* REQUIREMENT *
Please read the records below and return each line holding the string "Free".

* Records from a data source *
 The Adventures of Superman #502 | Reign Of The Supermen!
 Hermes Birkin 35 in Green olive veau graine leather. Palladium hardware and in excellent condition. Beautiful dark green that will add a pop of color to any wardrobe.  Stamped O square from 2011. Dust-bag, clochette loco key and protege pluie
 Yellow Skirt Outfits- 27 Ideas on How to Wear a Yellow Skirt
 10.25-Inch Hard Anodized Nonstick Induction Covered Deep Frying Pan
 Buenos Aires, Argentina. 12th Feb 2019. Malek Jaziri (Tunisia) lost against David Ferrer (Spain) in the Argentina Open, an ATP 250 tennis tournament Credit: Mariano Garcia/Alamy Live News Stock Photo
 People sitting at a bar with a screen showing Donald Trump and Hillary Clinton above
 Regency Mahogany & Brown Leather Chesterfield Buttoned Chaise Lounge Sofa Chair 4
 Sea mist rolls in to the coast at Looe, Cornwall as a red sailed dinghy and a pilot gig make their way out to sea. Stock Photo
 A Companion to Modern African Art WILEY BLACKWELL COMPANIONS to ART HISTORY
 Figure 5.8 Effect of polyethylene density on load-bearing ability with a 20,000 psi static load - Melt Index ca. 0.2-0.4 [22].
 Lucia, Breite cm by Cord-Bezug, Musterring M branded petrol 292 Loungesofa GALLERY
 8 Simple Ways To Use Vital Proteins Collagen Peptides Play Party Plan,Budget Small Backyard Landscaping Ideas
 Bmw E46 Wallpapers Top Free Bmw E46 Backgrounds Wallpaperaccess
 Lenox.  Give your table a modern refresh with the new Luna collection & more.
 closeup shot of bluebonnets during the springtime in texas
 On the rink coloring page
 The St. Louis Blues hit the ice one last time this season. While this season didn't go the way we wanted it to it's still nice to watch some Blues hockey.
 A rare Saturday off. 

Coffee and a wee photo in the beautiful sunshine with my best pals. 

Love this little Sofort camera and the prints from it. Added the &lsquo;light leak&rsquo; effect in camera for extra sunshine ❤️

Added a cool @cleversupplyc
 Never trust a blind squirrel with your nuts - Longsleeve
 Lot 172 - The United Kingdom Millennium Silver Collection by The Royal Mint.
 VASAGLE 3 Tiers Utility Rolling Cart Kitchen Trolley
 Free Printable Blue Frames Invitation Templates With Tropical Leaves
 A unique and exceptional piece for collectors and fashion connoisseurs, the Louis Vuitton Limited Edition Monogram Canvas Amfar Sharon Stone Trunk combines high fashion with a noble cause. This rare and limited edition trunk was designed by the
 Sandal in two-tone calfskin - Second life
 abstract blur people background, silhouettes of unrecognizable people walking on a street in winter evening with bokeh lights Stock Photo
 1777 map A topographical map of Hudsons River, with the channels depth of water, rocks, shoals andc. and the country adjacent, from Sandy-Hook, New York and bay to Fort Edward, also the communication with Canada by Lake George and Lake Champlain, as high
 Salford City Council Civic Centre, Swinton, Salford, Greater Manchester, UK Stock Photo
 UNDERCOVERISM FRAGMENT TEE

* WRITTEN SOLUTION *
 Bmw E46 Wallpapers Top Free Bmw E46 Backgrounds Wallpaperaccess
 Free Printable Blue Frames Invitation Templates With Tropical Leaves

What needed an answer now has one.